Authors: Judy Van Wyk (University of Rhode Island) & Karen A. Mason (Washington State University)

Publication: Journal of Contemporary Criminal Justice

Year: 2001

Focus Area: Profile, Aging, Decision-making

Relevance: Successfully arming people against fraud victimization requires understanding not only who is victimized, but why they are vulnerable.

Summary: This study analyzes the connection between fraud victimization, age, social activity, and risk-taking.

  • Younger adults are known to be more vulnerable to fraud than older adults: there is a 77% chance of being victimized between the ages of 18 and 24, and only a 44% chance for those between 65 and 74 (Van Wyk & Benson, 1997).
  • The authors investigate whether this is due to greater socialization and risk-taking at a younger age.
  • While both socialization and risk-taken strongly correlate to fraud victimization, they do not predict vulnerability more accurately than age.  This suggests that other aspects of youth aside from social engagement and risk-taking contribute to younger adults’ vulnerability.
  • Neither fraud victims’ social involvement nor their tendency to take risks affect their likelihood to report fraud.

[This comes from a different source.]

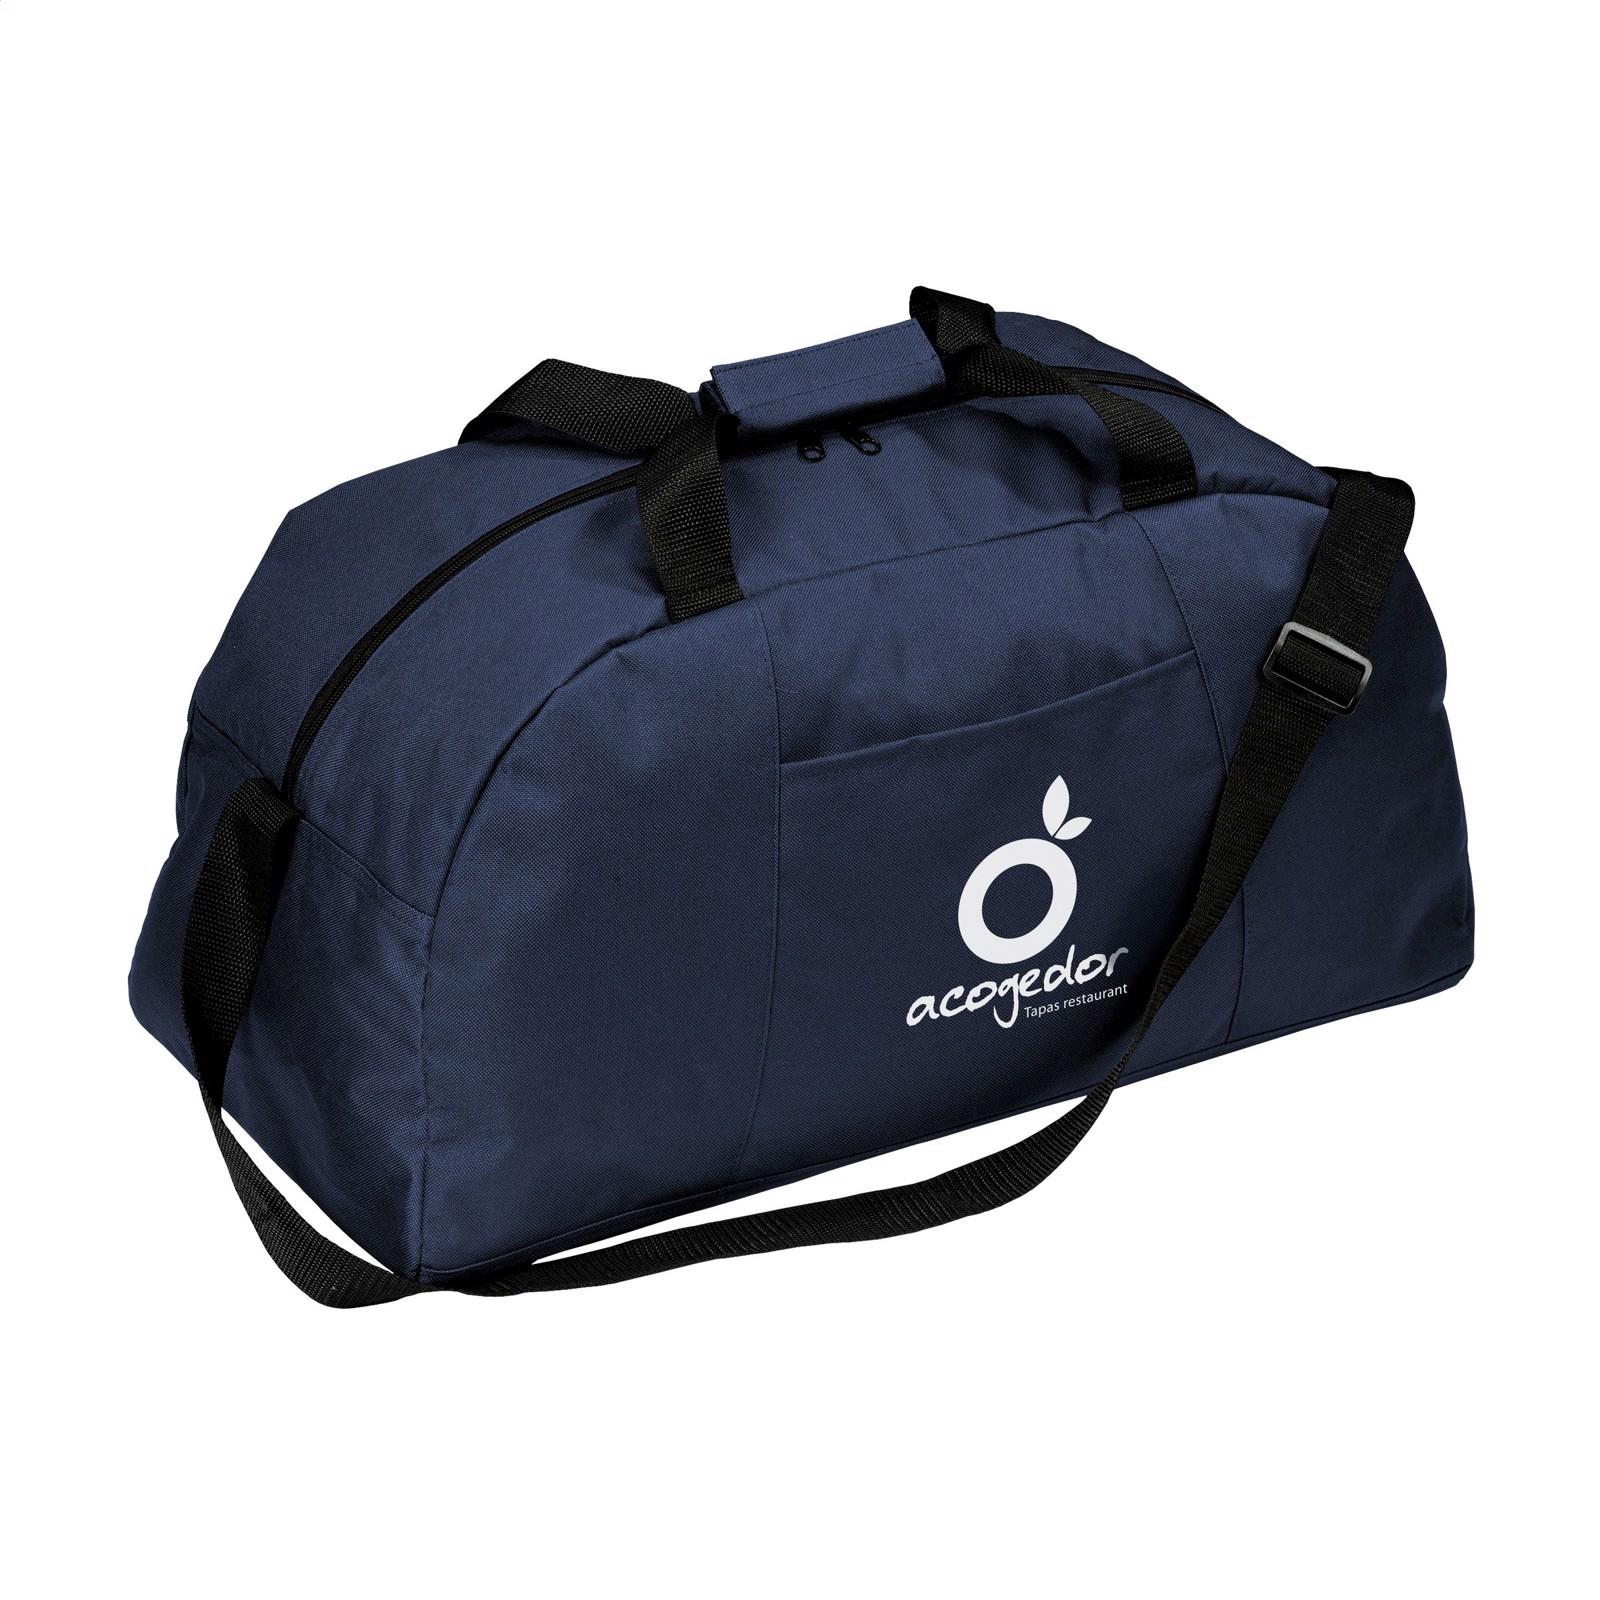 TrendBag sports/travel bag - Dark Blue

In conclusion, being younger is a more reliable predictor of being a fraud victim than greater social involvement or a tendency to take greater financial risks.  While these two elements may partly explain younger adults’ vulnerability, additional factors still need to be investigated.

Data for this study was collected via a 1994 random telephone survey in Knox County, Tennessee, which correlates with other, similar studies (Titus et al. 1995, Boyle 1992).

Author Abstract: This study investigates vulnerability and reporting behavior for victimization by consumer fraud. Because socialization may increase the amount of contacts with others, contributing to greater opportunities for victimization, we predict that people who socialize more often may increase their likelihood of victimization.  Greater levels of socialization are also predicted to increase the likelihood of official reporting behavior for consumer fraud victimization because victims may depend on others for guidance in official reporting. The authors found support for the first prediction, but not the second. Although socialization does increase the likelihood of victimization, the authors found it to have no effect on official reporting behavior. These findings shed some light on the disparity between self-reports and official reports of victimization by consumer fraud.